Background & Motivation¶

Background: Egocentric video understanding has established datasets like EPIC-KITCHENS, Ego4D, HoloAssist, and the Assembly series, which effectively record what a person sees, what their hands are doing, and how objects are manipulated. Another line of research involves EEG and BCI, which excels at capturing internal neural activities such as attention, motor intention, and decision preparation, though common settings are still biased toward laboratory screen stimuli, static images, or controlled motor imagery tasks.

Limitations of Prior Work: These two lines of research have long been disconnected. Egocentric video datasets only observe external behavioral outcomes without knowing the subject's cognitive state; traditional EEG datasets observe neural responses but rarely involve real interaction with objects in authentic environments. Consequently, models learn either "the world seen by the eyes" or "responses in brain signals," making it difficult to study how external perception and internal intention jointly determine actions.

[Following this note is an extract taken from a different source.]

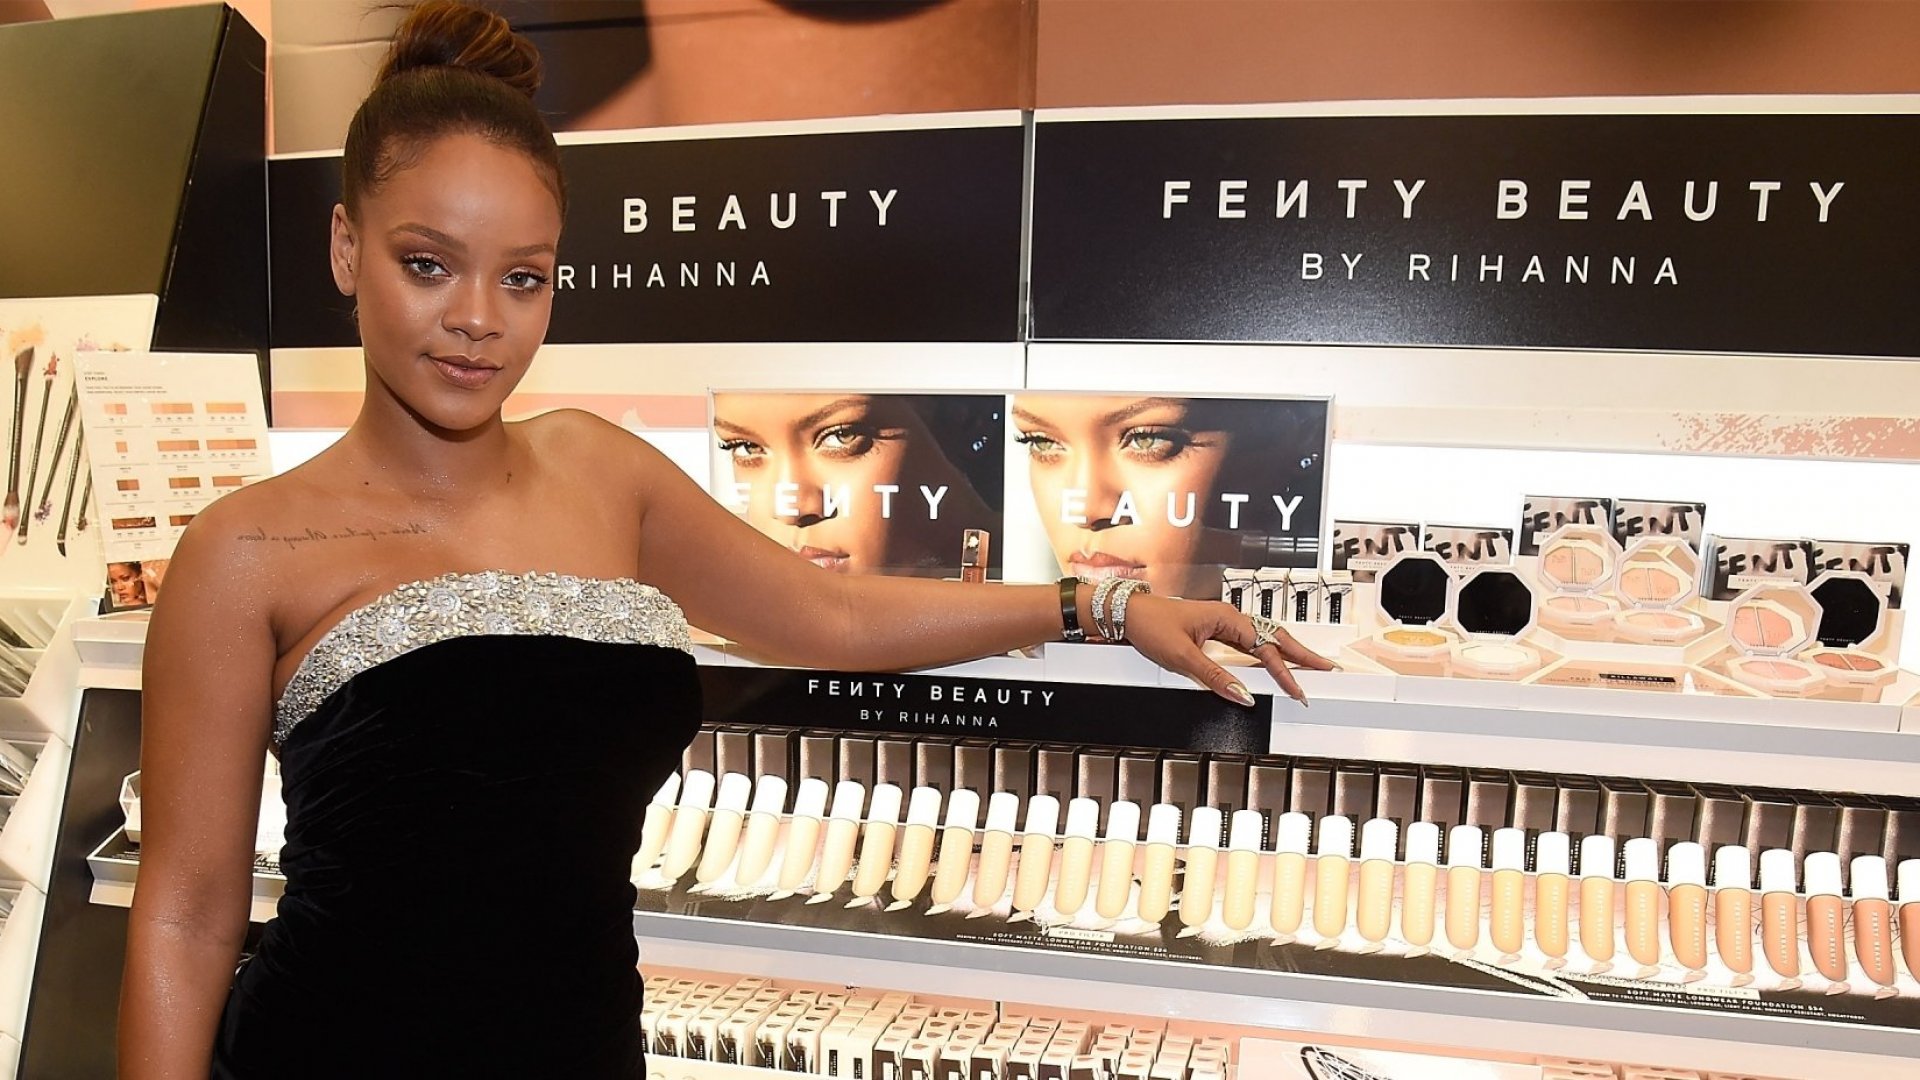 How Rihanna Become Famous: All You Need To Know

Key Challenge: Many errors in daily action understanding arise precisely from visual invisibility or visual ambiguity. For example, "writing" and "drawing" in an egocentric view may both appear as a hand moving a pen on paper; "drinking" and "eating snacks" might share identical tabletop contexts when occluded. Vision excels at spatial details and object cues, while EEG excels at temporal resolution and implicit cognitive cues. The two are complementary, provided there is strictly synchronized data and a fusion model capable of handling a shared timeline.

Goal: The authors aim to solve two problems simultaneously. First, to establish a synchronized brain-vision dataset in real daily activity scenarios, allowing researchers to observe egocentric video and EEG on the same timeline. Second, to provide a reproducible baseline model to verify whether EEG can indeed provide gains for egocentric action recognition, especially in more realistic deployment settings like cross-subject and cross-environment scenarios.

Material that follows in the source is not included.